- Born: August 22, 1964 (age 62) San Francisco, California, U.S.
- Education: Howard University
- Occupation: Costume designer
- Years active: 1990-present
- Website: ritamcghee.net

= Rita McGhee =

American costume designer for film and television

Rita McGhee (born August 22, 1964) is an American costume designer for film and television. Her career has included projects spanning various fashion eras. She is known for her work on season 1 of FOX's musical drama series Empire. In July 2015, McGhee's costume design on episode 8, "The Lyon's Roar", was nominated for the Emmy Award for Outstanding Costumes for a Contemporary Series, Limited Series, or Movie. The following year, in January 2016, her costume design for the season was nominated for the Costume Designers Guild Award for Outstanding Contemporary Costumes for a Television Series.

In addition, McGhee has led and/or contributed costume design for projects such as Spike Lee's musical drama film Chi-Raq (2015), BET's miniseries The New Edition Story (2017), Disney's musical film Zombies (2018), and BET's miniseries American Soul (2019).

== Early life and education ==
McGhee was born in San Francisco, California to Troy and Claudette McGhee. In 1968, her family relocated to Santa Rita, Guam when her father accepted a civil service position on the island. She has four siblings.

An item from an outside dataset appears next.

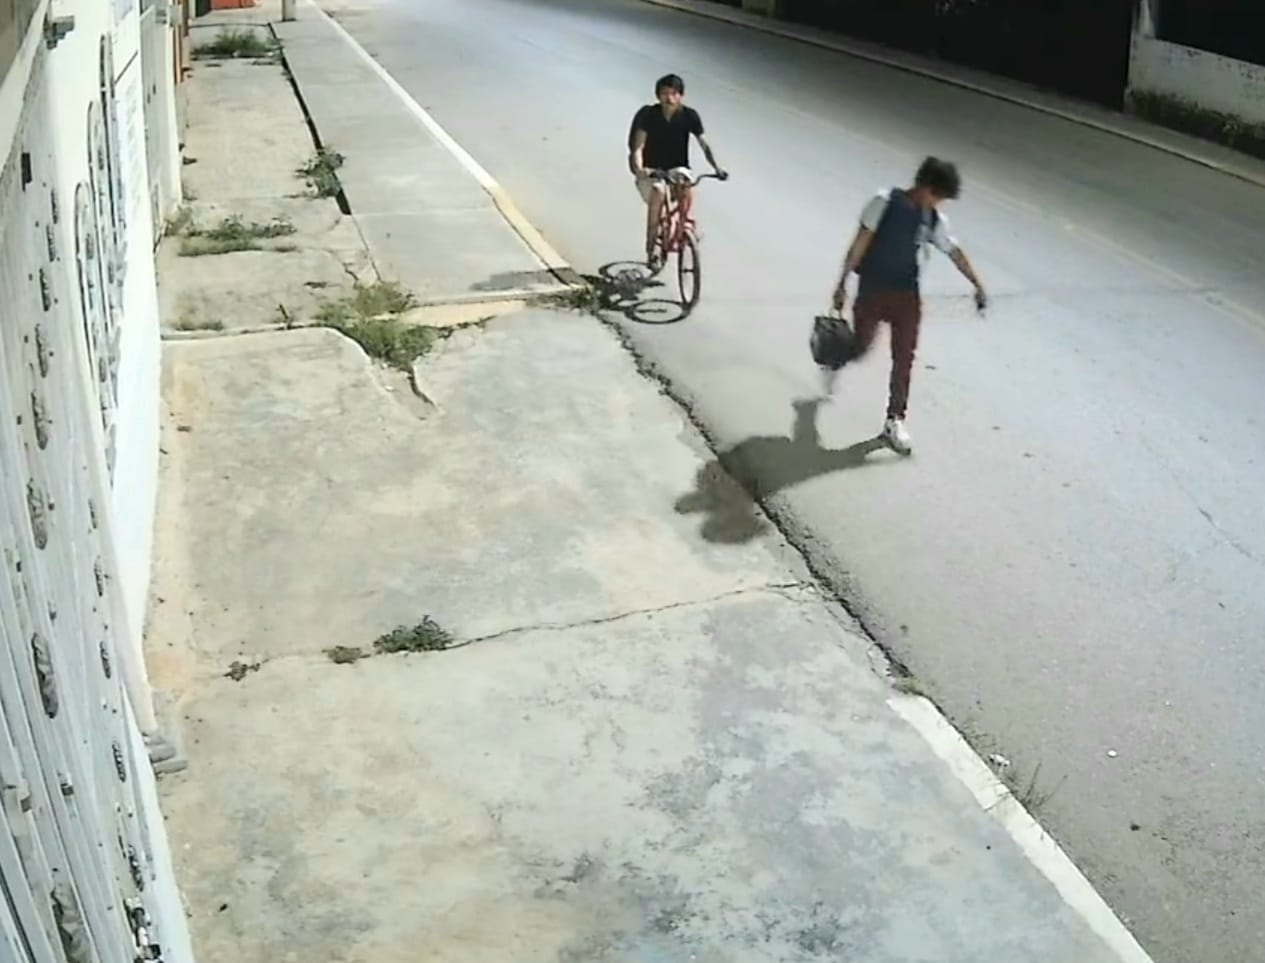 Hecelchakán: Ladrones roban batería de auto y quedan captados en video
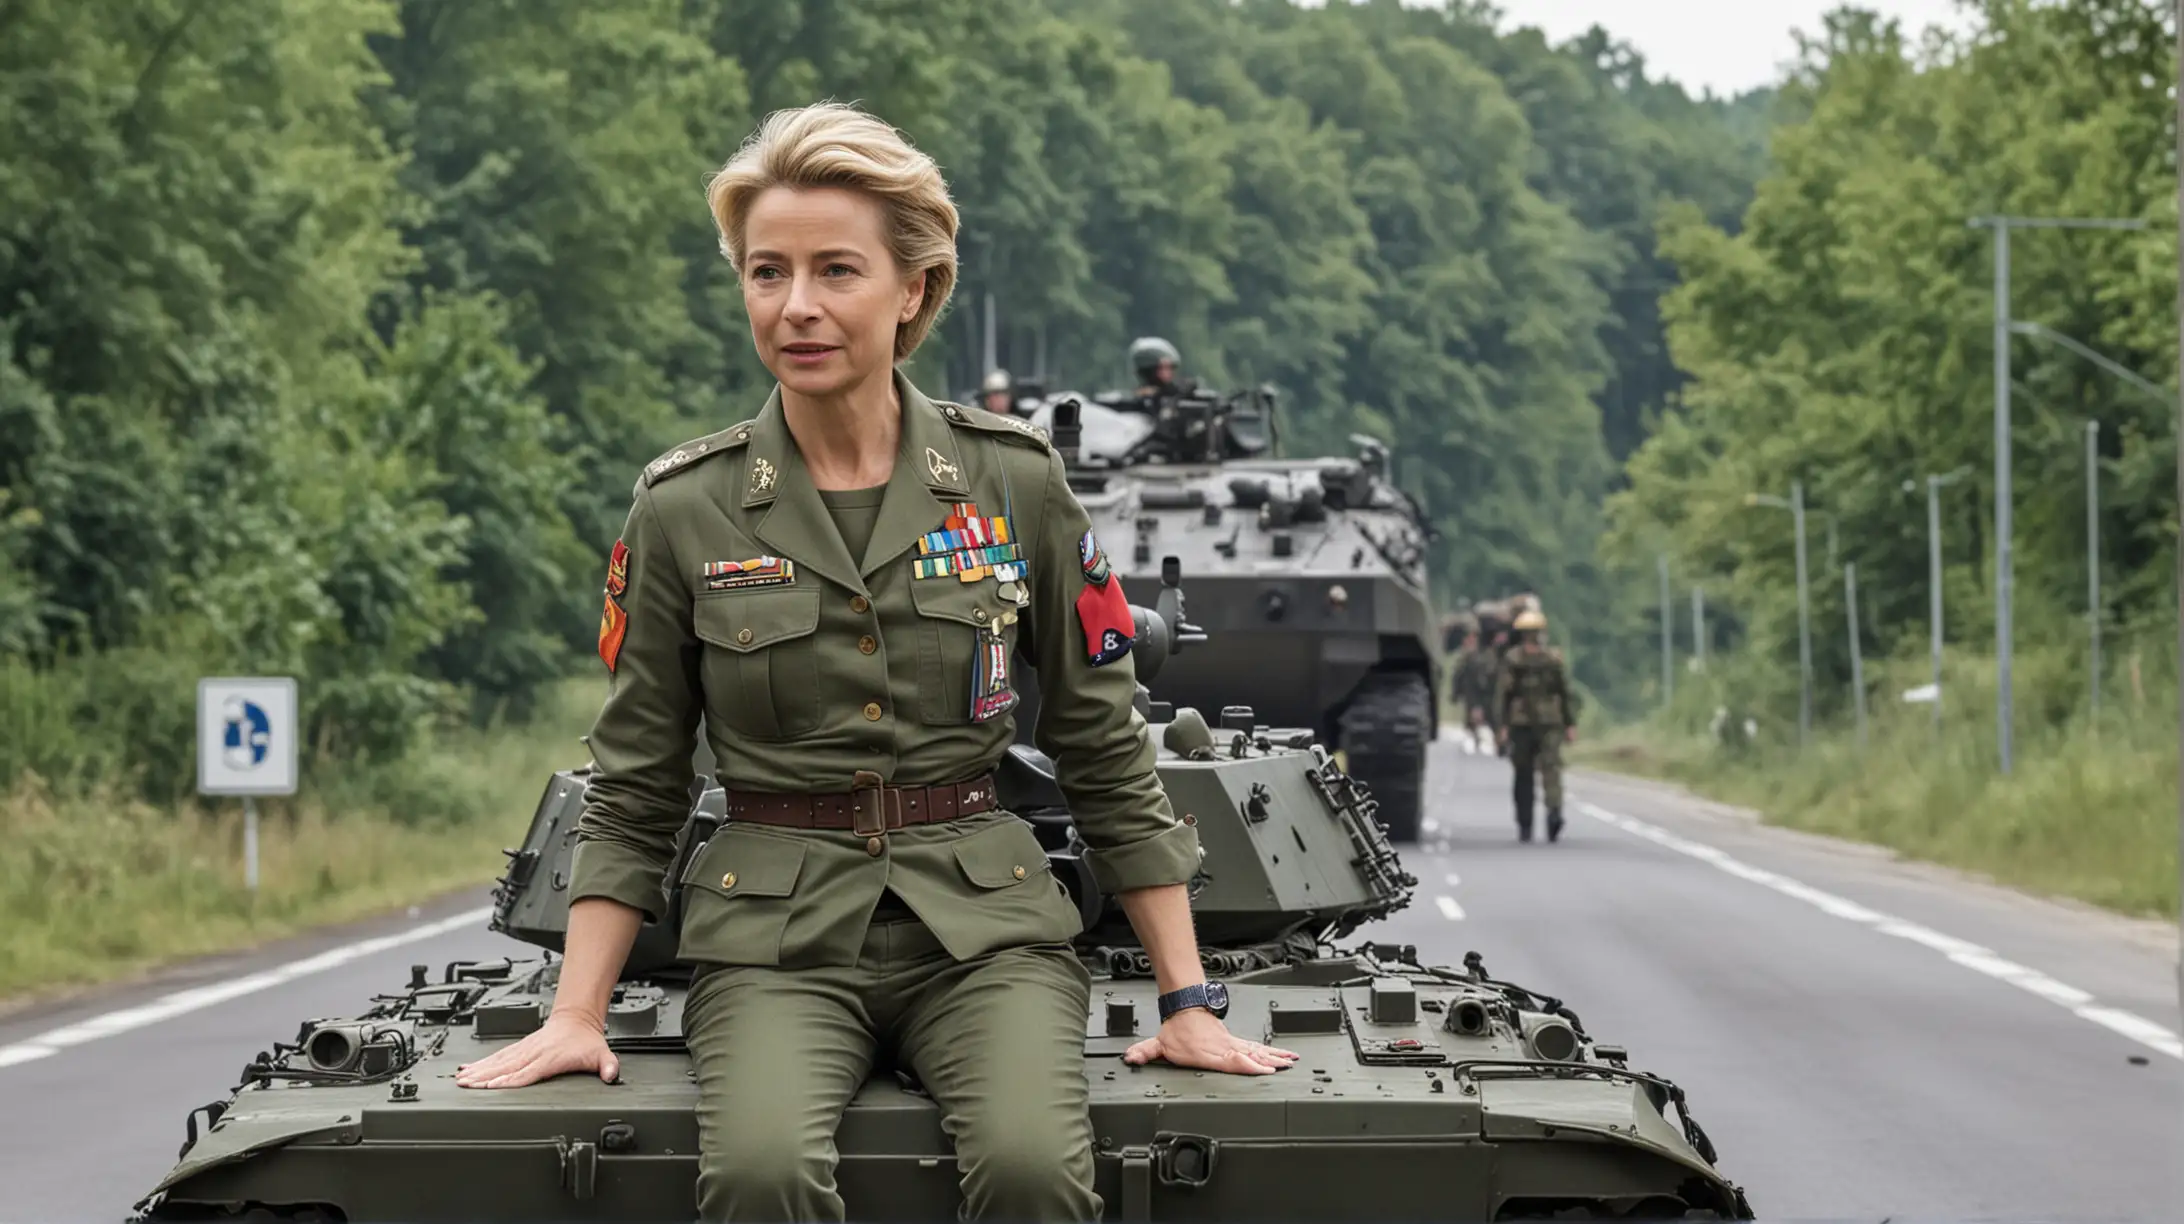 Ursula von der Leyen Military Uniform Tank Portrait

McGhee graduated from George Washington High School in Mangilao, Guam in 1982 and attended Howard University, studying fashion merchandising and business administration. She also took classes in costume design while working in the school theater, and graduated in 1989 with a Bachelor of Science.

== Career ==
After McGhee heard Spike Lee lecture at her college, she sent her resume to costume designer, Ruth E. Carter who was working with Lee's production company, and was hired by Carter as an intern and wardrobe production assistant. She then moved to Los Angeles, California and worked on Mo' Better Blues (1990), Jungle Fever (1991), The Five Heartbeats (1991), and What's Love Got to Do With It (1993) among others. McGhee also worked in the costume and wardrobe departments for In Living Color (1991-1992), Moesha (1996), and Baby Boy (2001).

After becoming a costume designer, McGhee worked on Reggie Rock Bythewood's Biker Boyz (2003), Jeffrey W. Byrd's King's Ransom (2005), and Benny Boom's Next Day Air (2009). She then took a break from Hollywood and relocated to Friendswood, Texas.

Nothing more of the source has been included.